I actually have to return a few things since the powerhead gasket kit included some seals and o-rings that weren't listed. I just hope this thing has good compression and doesn't have any issues. I'll keep taking pictures until it's done.


----------



## Johny25

A lot of gasket kits and carb rebuild kits come with extra O-rings and gaskets because the kits are designed to cover a wide range of motor years and some years have little subtle differences like an O-ring or gasket shape.

Boats.net is one of the best priced parts places. But I use Marine engine a lot also because they ship out of Seattle which is 3 days faster than boats.net.

Was curious how much in parts did you roughly spend on the rebuild? Did you put new wrist pins and all in, or just rings and pistons? 

I would think you should have 120-130 compression readings with an electric start (full charge battery) after the rebuild. And anything above that would be awesome. I am only at 105 with my electric start but I am sure my crank case is leaking out the side, that is why a rebuild or powerhead swap is coming this winter.
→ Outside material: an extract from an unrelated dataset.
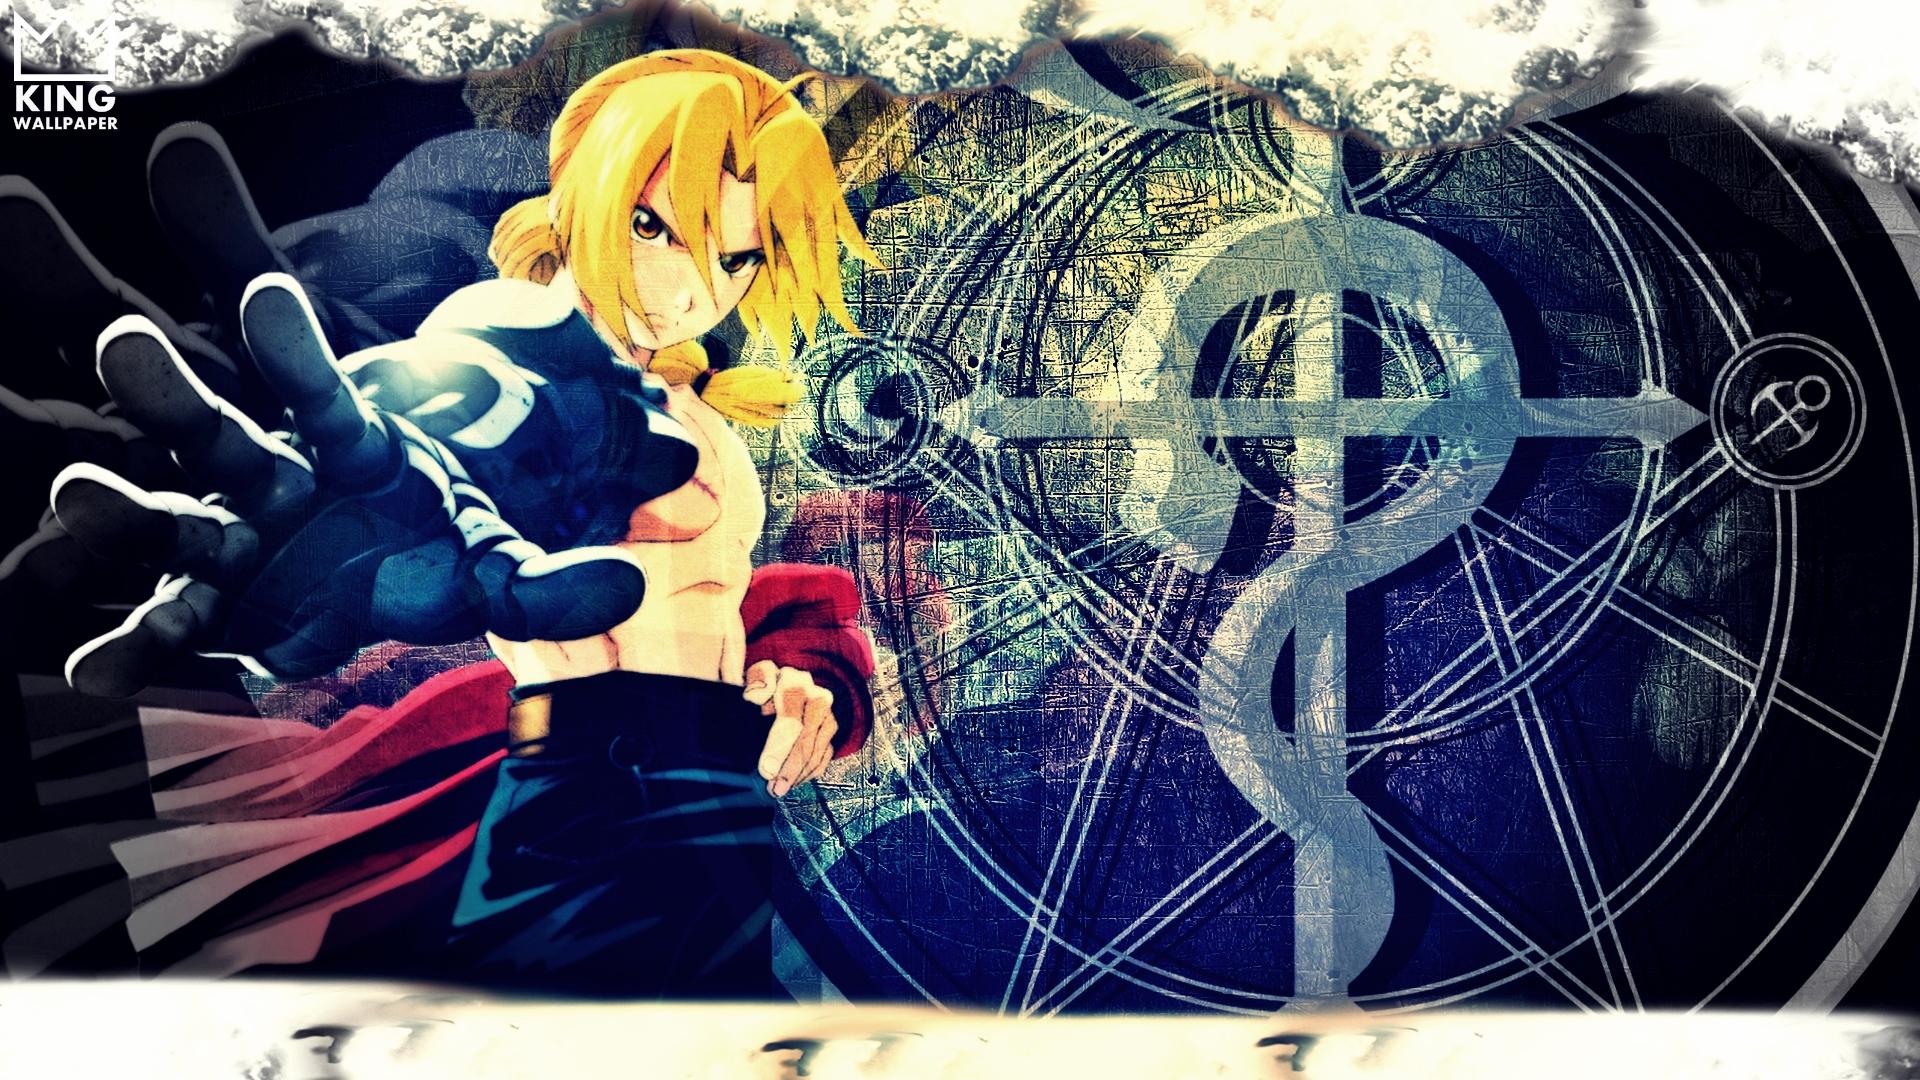 Edward elric wallpaper
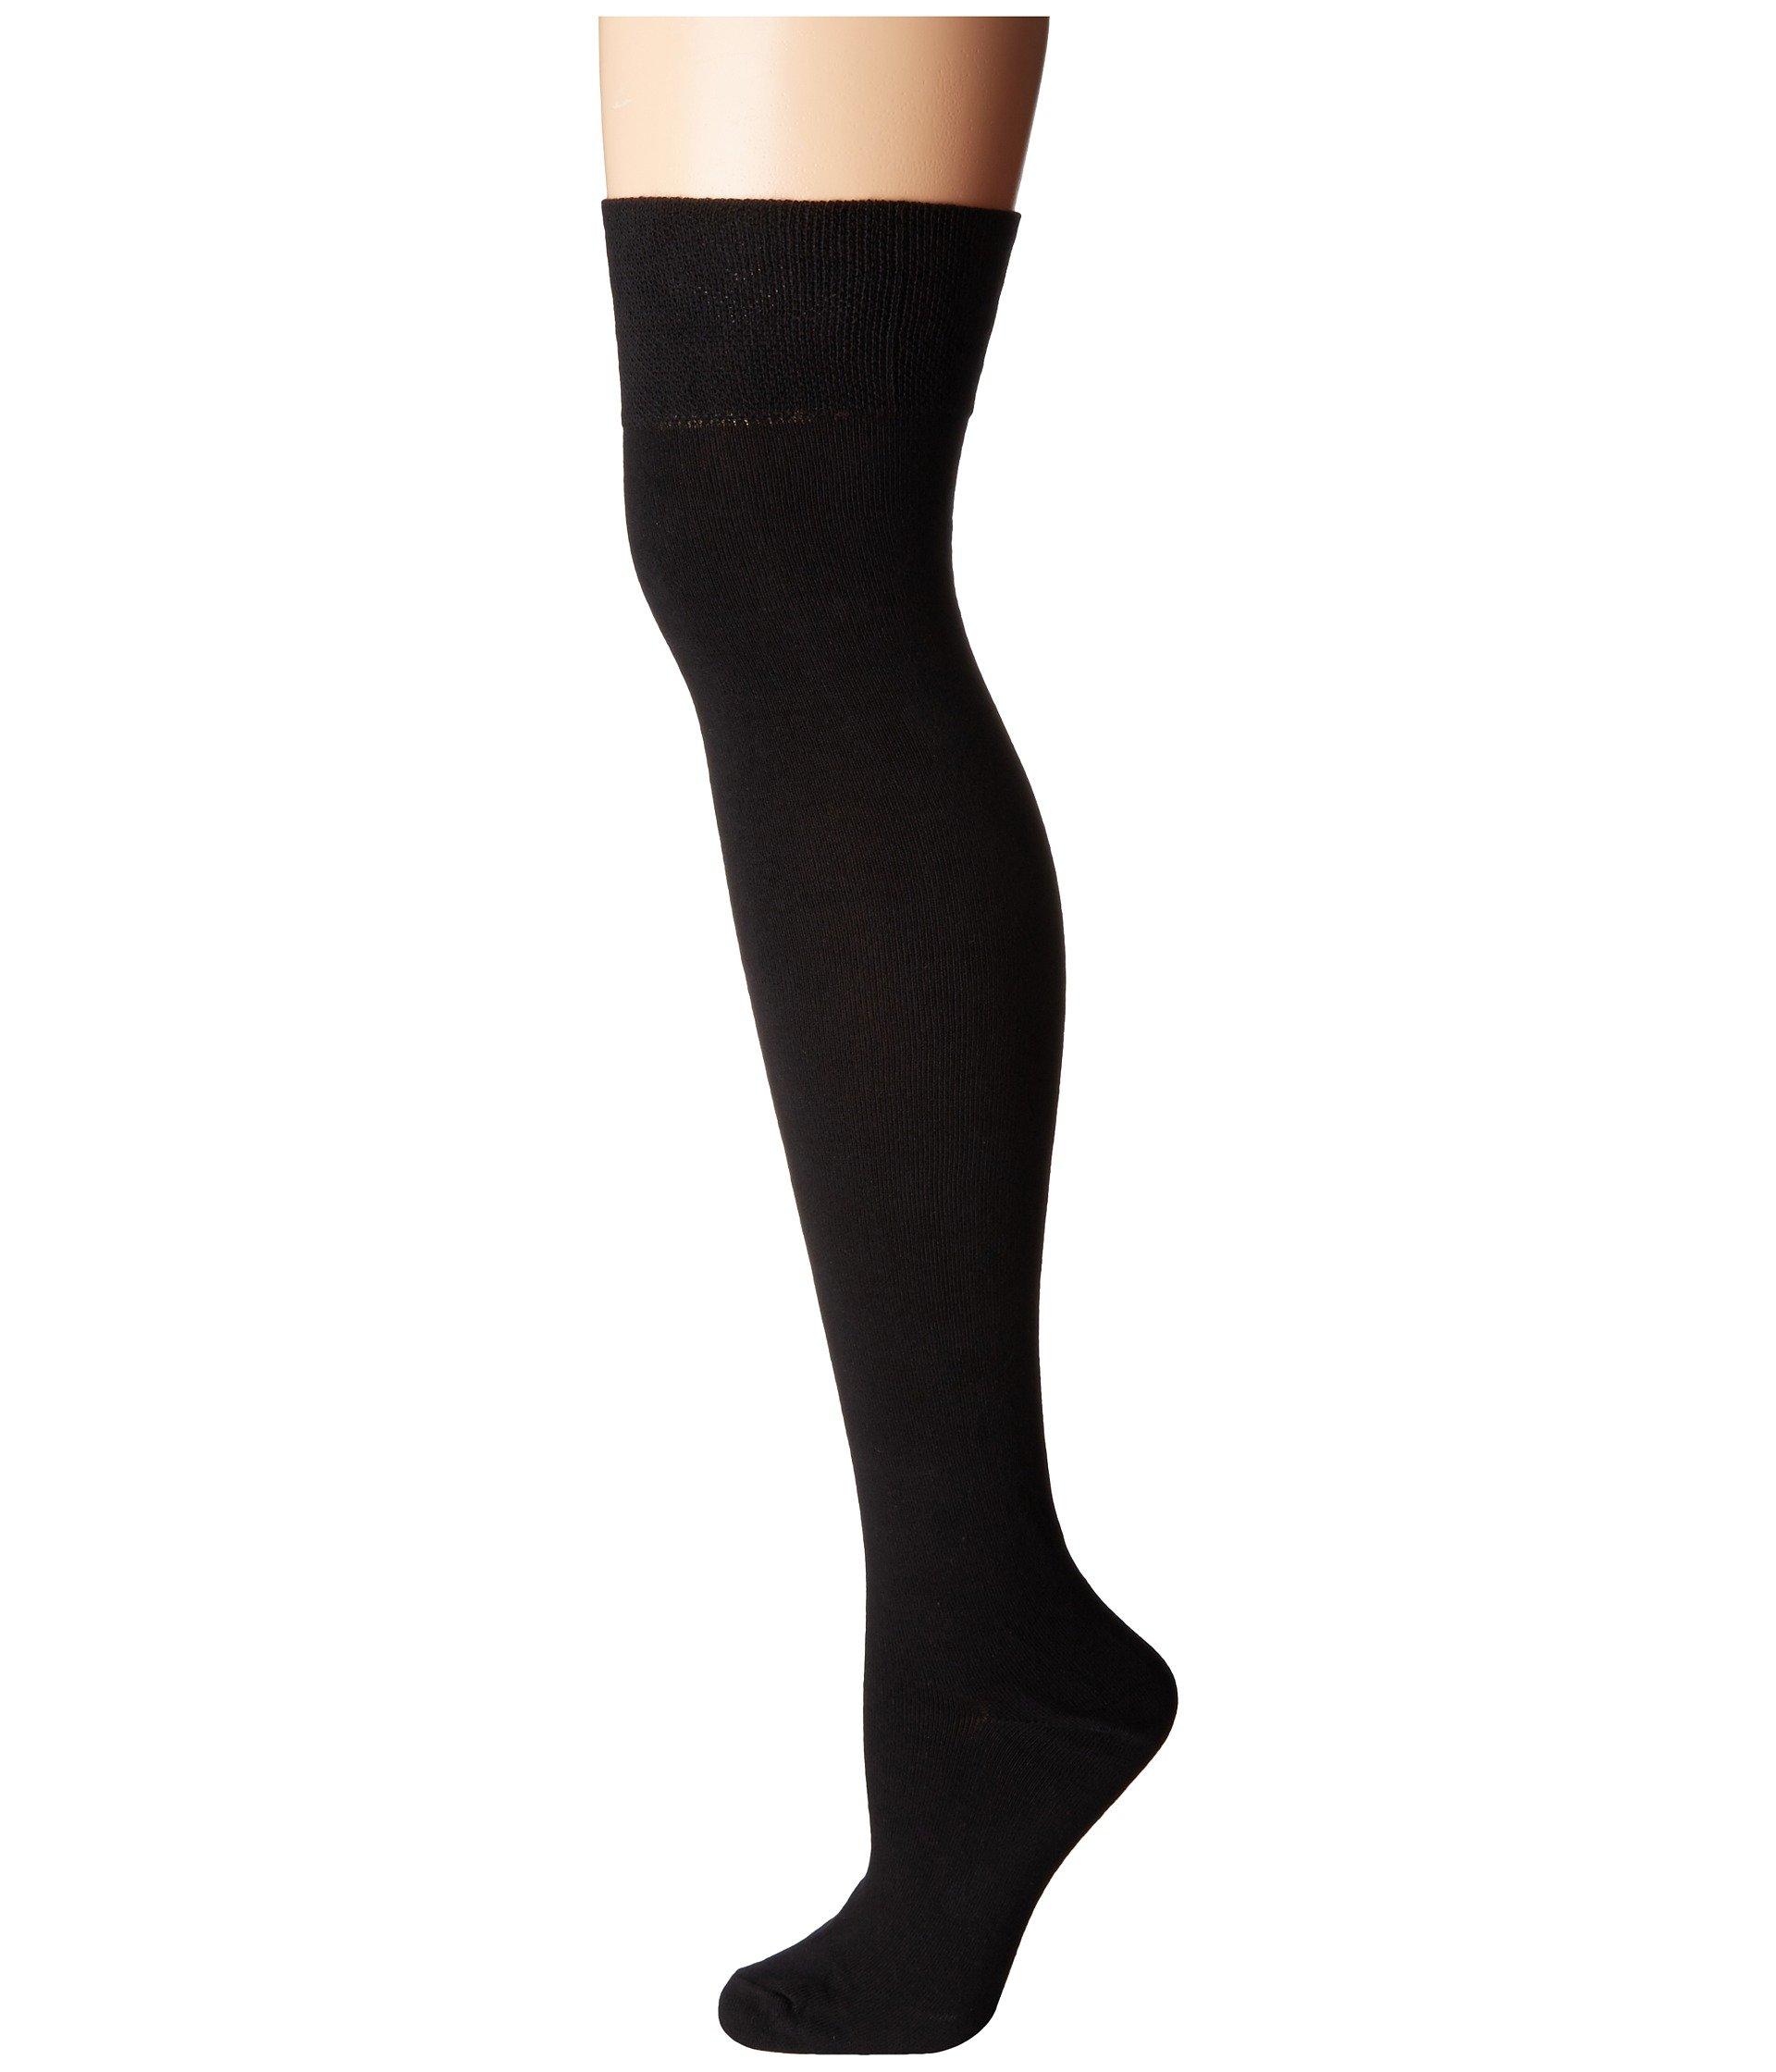 Black Knee Over Solid Socksmith The qWcwRITCC4

Got an 85' 30hp powerhead ropestart with 112 in each cylinder that will likely be put on my 88' and then I will fully rebuild the other motor at my leisure.


----------



## mjw210

I have all my slips still. After everything is returned and finished I will look at them but, I know it's up there... Still way cheaper, more fun, and very educational than buying a new $6k motor. Now I know this thing in and out and it should last a long time. Plus it looks purdy  Sounds like my reverse lock assembly is on its way! Thanks again Shawn for all the help with locating cheaper used parts. I still need to get new spark plugs...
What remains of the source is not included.